The article’s title was more revealing than its authors knew. People forget the nature of Cassandra’s curse: although nobody would believe her, all her prophecies came true. And so it was with those who warned against invading Iraq. At best, they were ignored. A recent article in The Washington Post ruefully conceded that the paper’s account of the debate in the House of Representatives over the resolution authorizing the Iraq war — a resolution opposed by a majority of the Democrats — gave no coverage at all to those antiwar arguments that now seem prescient.
At worst, those who were skeptical about the case for war had their patriotism and/or their sanity questioned. The New Republic now says that it “deeply regrets its early support for this war.” Does it also deeply regret accusing those who opposed rushing into war of “abject pacifism?”
Now, only a few neocon dead-enders still believe that this war was anything but a vast exercise in folly. And those who braved political pressure and ridicule to oppose what Al Gore has rightly called “the worst strategic mistake in the history of the United States” deserve some credit.
Unlike The Weekly Standard, which singled out those it thought had been proved wrong, I’d like to offer some praise to those who got it right. Here’s a partial honor roll:
Former President George H. W. Bush and Brent Scowcroft, explaining in 1998 why they didn’t go on to Baghdad in 1991: “Had we gone the invasion route, the United States could conceivably still be an occupying power in a bitterly hostile land.”
Representative Ike Skelton, September 2002: “I have no doubt that our military would decisively defeat Iraq’s forces and remove Saddam. But like the proverbial dog chasing the car down the road, we must consider what we would do after we caught it.”
Al Gore, September 2002: “I am deeply concerned that the course of action that we are presently embarking upon with respect to Iraq has the potential to seriously damage our ability to win the war against terrorism and to weaken our ability to lead the world in this new century.”

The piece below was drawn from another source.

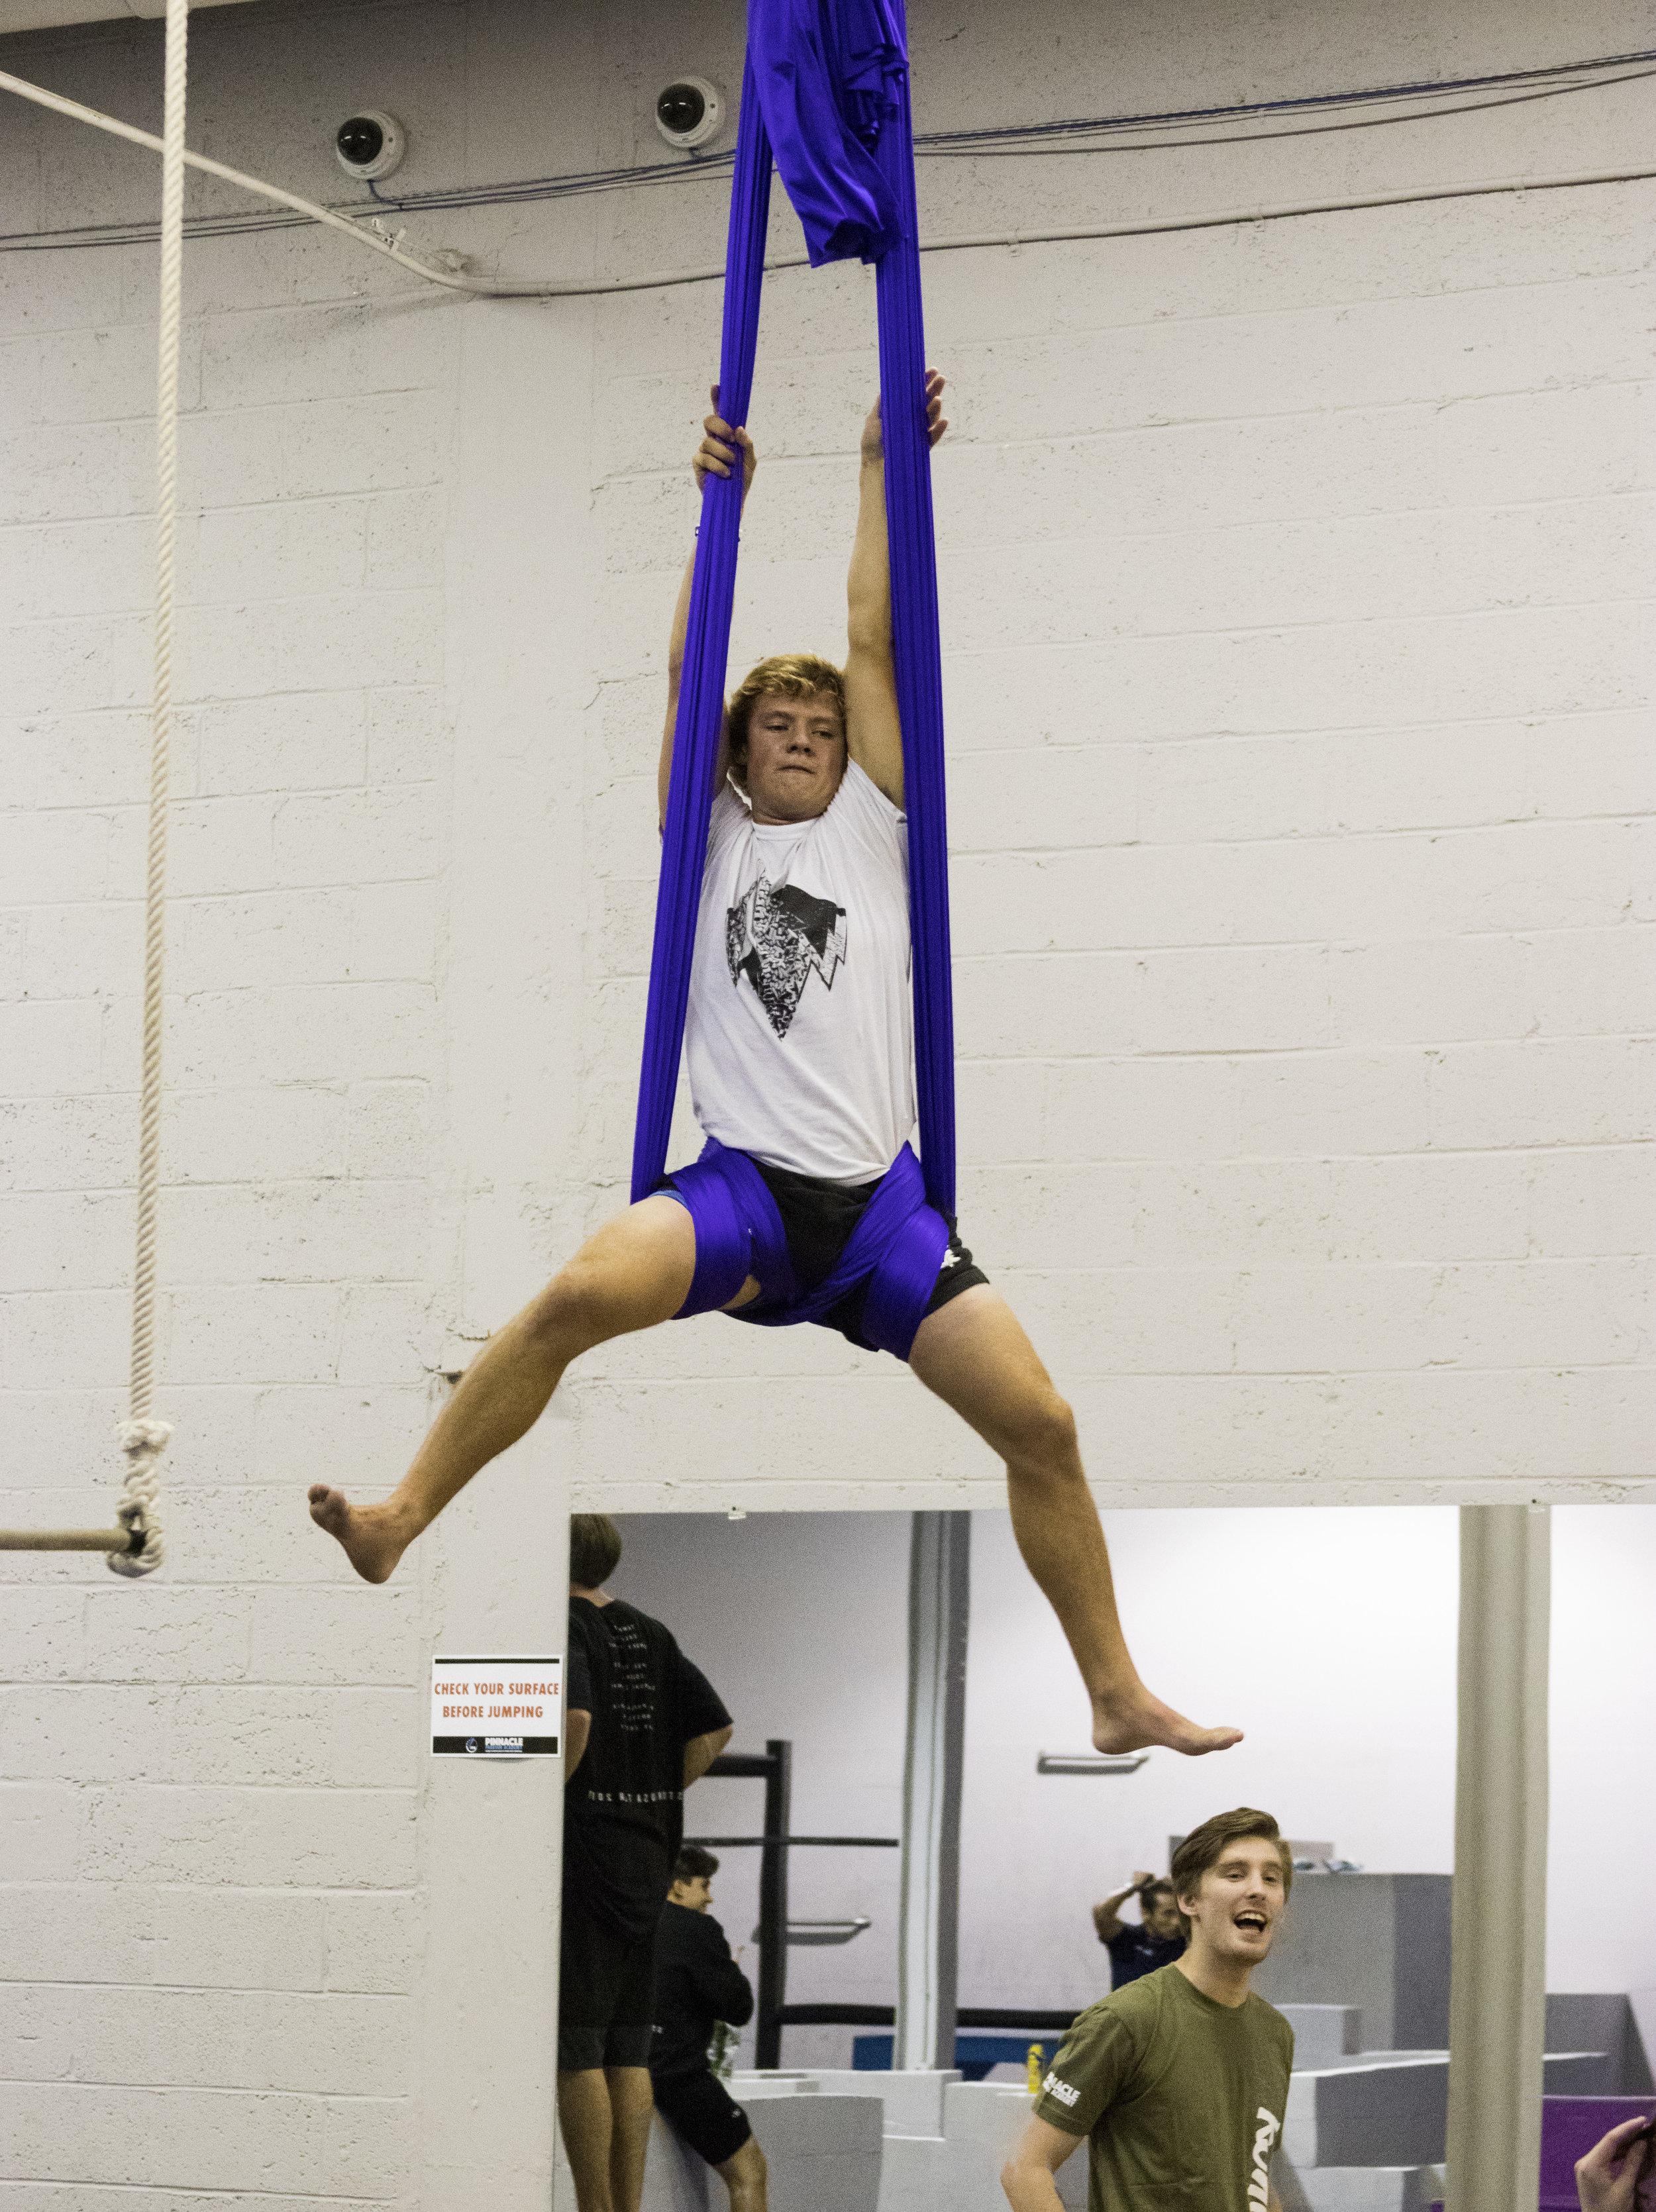 Aerial Silks is for Everyone!

Barack Obama, now a United States senator, September 2002: “I don’t oppose all wars. What I am opposed to is a dumb war. What I am opposed to is a rash war. What I am opposed to is the cynical attempt by Richard Perle and Paul Wolfowitz and other armchair, weekend warriors in this administration to shove their own ideological agendas down our throats, irrespective of the costs in lives lost and in hardships borne.”
Representative John Spratt, October 2002: “The outcome after the conflict is actually going to be the hardest part, and it is far less certain.”

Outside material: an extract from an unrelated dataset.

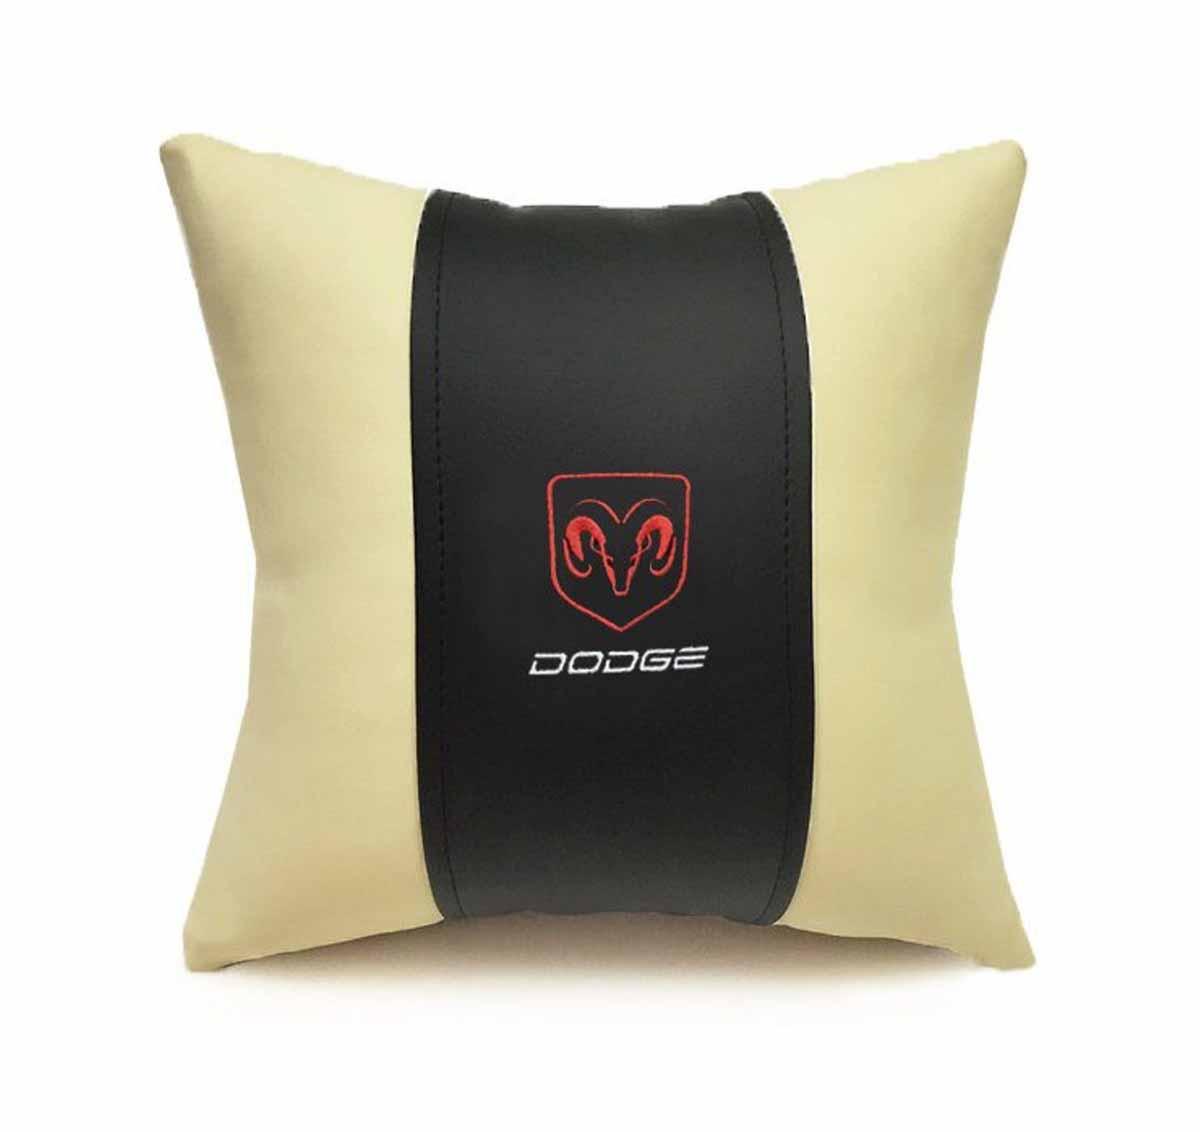 Подушка декоративная Auto premium DODGE, цвет: черно-бежевый. 37075

Representative Nancy Pelosi, now the House speaker-elect, October 2002: “When we go in, the occupation, which is now being called the liberation, could be interminable and the amount of money it costs could be unlimited.”

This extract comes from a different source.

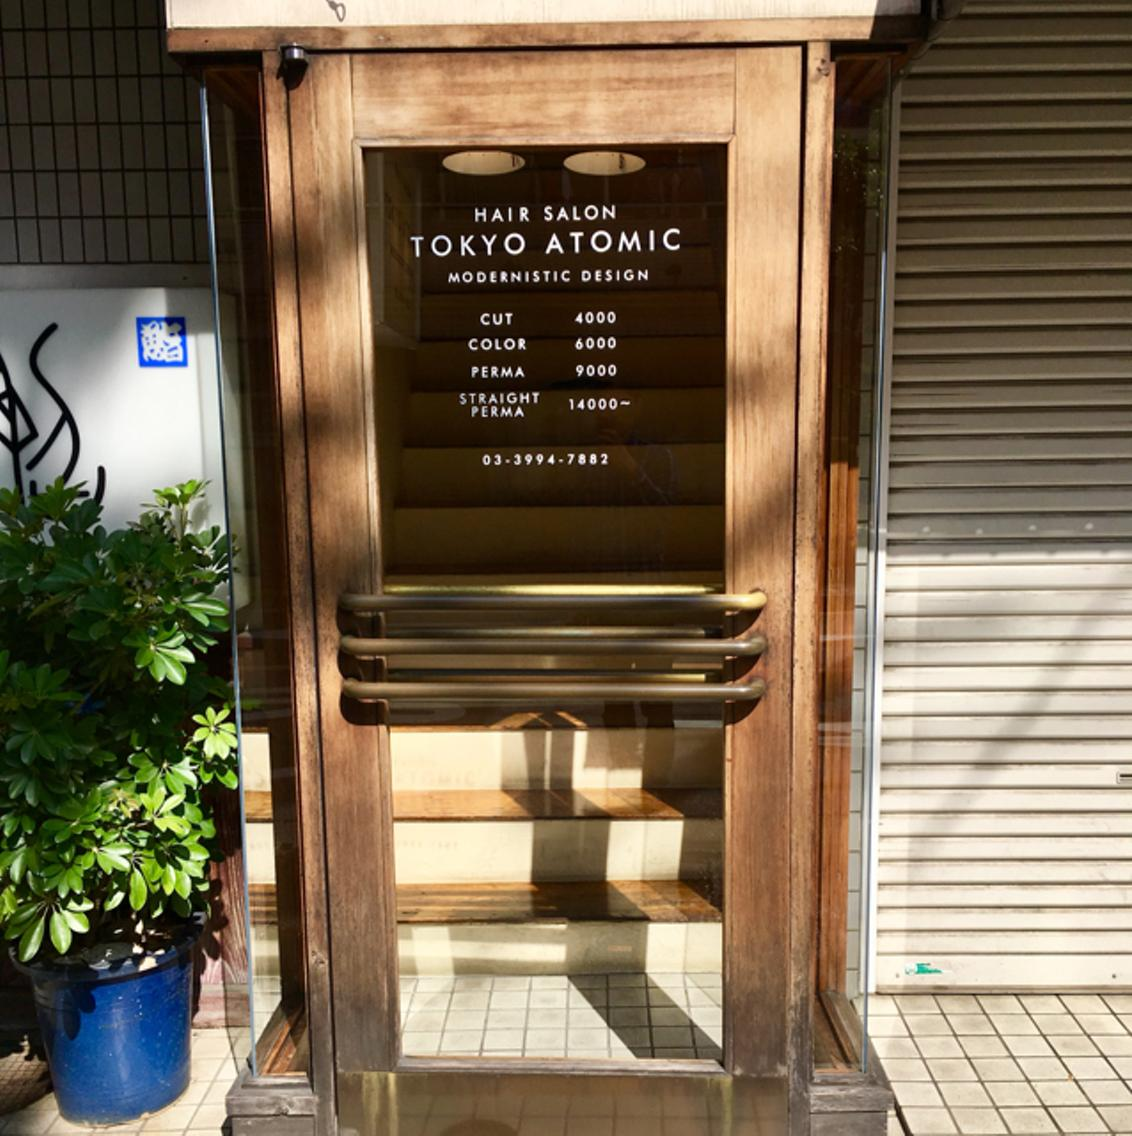 ✂️🔥【当日予約OK】🔥✂️落ち着いた空間でシンプルなデザインを 桜台駅から徒歩3分☀️#ANTIQUE#Modern#🇺🇸🇬🇧

Senator Russ Feingold, October 2002: “I am increasingly troubled by the seemingly shifting justifications for an invasion at this time. … When the administration moves back and forth from one argument to another, I think it undercuts the credibility of the case and the belief in its urgency. I believe that this practice of shifting justifications has much to do with the troubling phenomenon of many Americans questioning the administration’s motives.”
Howard Dean, then a candidate for president and now the chairman of the Democratic National Committee, February 2003: “I firmly believe that the president is focusing our diplomats, our military, our intelligence agencies, and even our people on the wrong war, at the wrong time. … Iraq is a divided country, with Sunni, Shia and Kurdish factions that share both bitter rivalries and access to large quantities of arms.”
We should honor these people for their wisdom and courage. We should also ask why anyone who didn’t raise questions about the war — or, at any rate, anyone who acted as a cheerleader for this march of folly — should be taken seriously when he or she talks about matters of national security.